[<prev] [next>] [<thread-prev] [thread-next>] [day] [month] [year] [list]
Message-ID: <47a7bc06-9d44-42f8-88df-f6db3bc997bc@arm.com>
Date: Wed, 1 Oct 2025 15:44:11 +0100
From: Steven Price <steven.price@....com>
To: Marc Zyngier <maz@...nel.org>
Cc: kvm@...r.kernel.org, kvmarm@...ts.linux.dev,
Catalin Marinas <catalin.marinas@....com>, Will Deacon <will@...nel.org>,
James Morse <james.morse@....com>, Oliver Upton <oliver.upton@...ux.dev>,
Suzuki K Poulose <suzuki.poulose@....com>, Zenghui Yu
<yuzenghui@...wei.com>, linux-arm-kernel@...ts.infradead.org,
linux-kernel@...r.kernel.org, Joey Gouly <joey.gouly@....com>,
Alexandru Elisei <alexandru.elisei@....com>,
Christoffer Dall <christoffer.dall@....com>, Fuad Tabba <tabba@...gle.com>,
linux-coco@...ts.linux.dev,
Ganapatrao Kulkarni <gankulkarni@...amperecomputing.com>,
Gavin Shan <gshan@...hat.com>, Shanker Donthineni <sdonthineni@...dia.com>,
Alper Gun <alpergun@...gle.com>, "Aneesh Kumar K . V"

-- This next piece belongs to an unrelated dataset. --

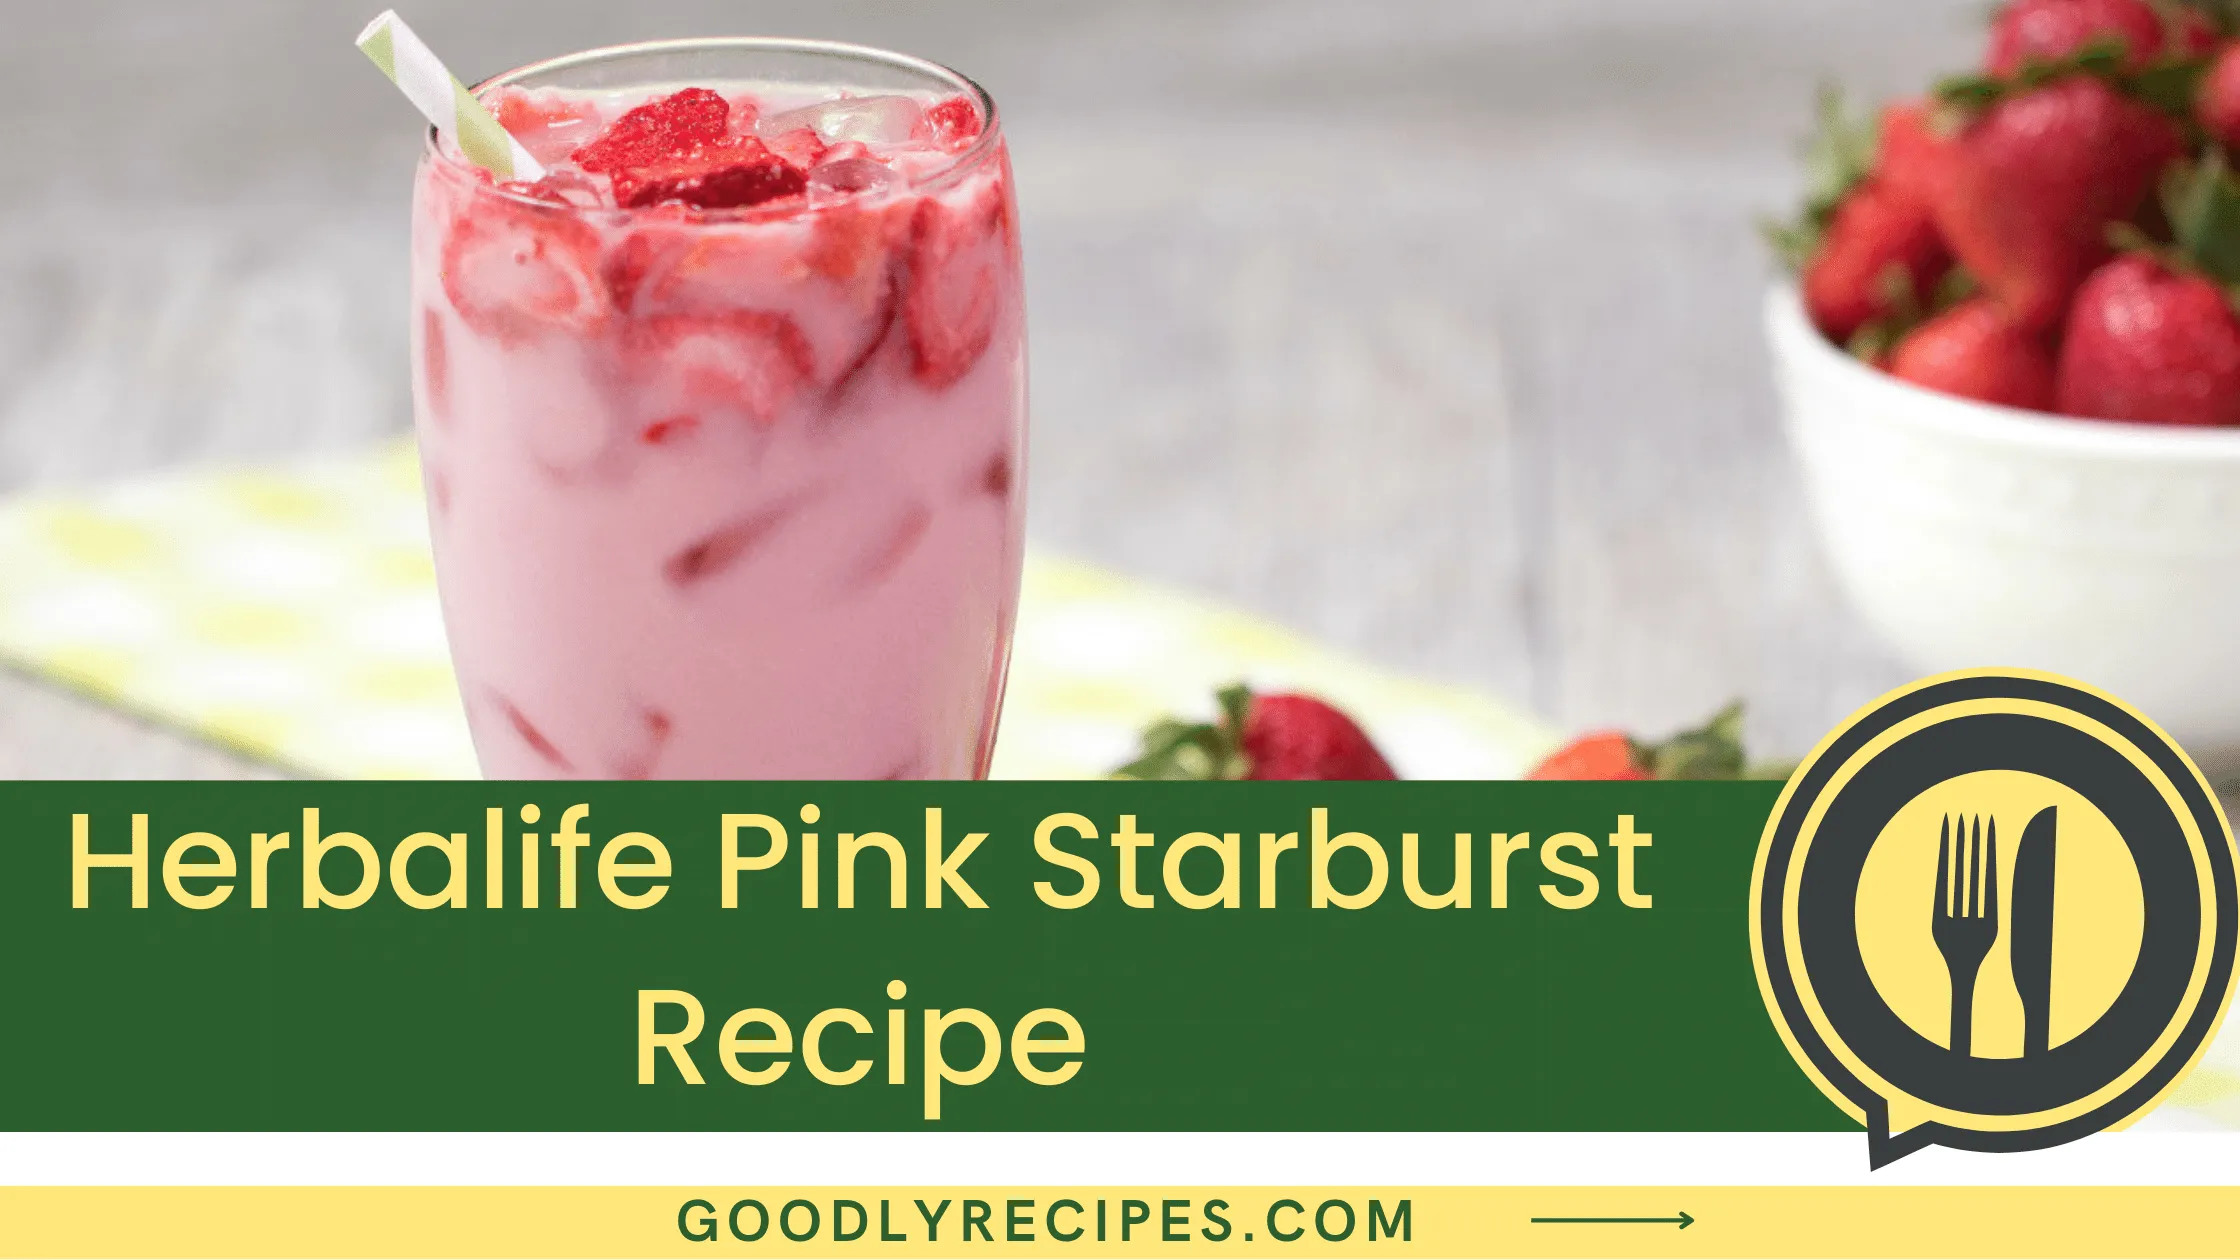 What is Herbalife Pink Starburst?

<aneesh.kumar@...nel.org>, Emi Kisanuki <fj0570is@...itsu.com>,
Vishal Annapurve <vannapurve@...gle.com>
Subject: Re: [PATCH v10 06/43] arm64: RME: Define the user ABI
On 01/10/2025 13:28, Marc Zyngier wrote:
> On Wed, 20 Aug 2025 15:55:26 +0100,
> Steven Price <steven.price@....com> wrote:
>>
>> There is one (multiplexed) CAP which can be used to create, populate and
>> then activate the realm.
>>
>> Co-developed-by: Suzuki K Poulose <suzuki.poulose@....com>
>> Signed-off-by: Suzuki K Poulose <suzuki.poulose@....com>
>> Signed-off-by: Steven Price <steven.price@....com>
>> Reviewed-by: Gavin Shan <gshan@...hat.com>
>> ---
>> Changes since v9:
>> * Improvements to documentation.
>> * Bump the magic number for KVM_CAP_ARM_RME to avoid conflicts.
>> Changes since v8:
>> * Minor improvements to documentation following review.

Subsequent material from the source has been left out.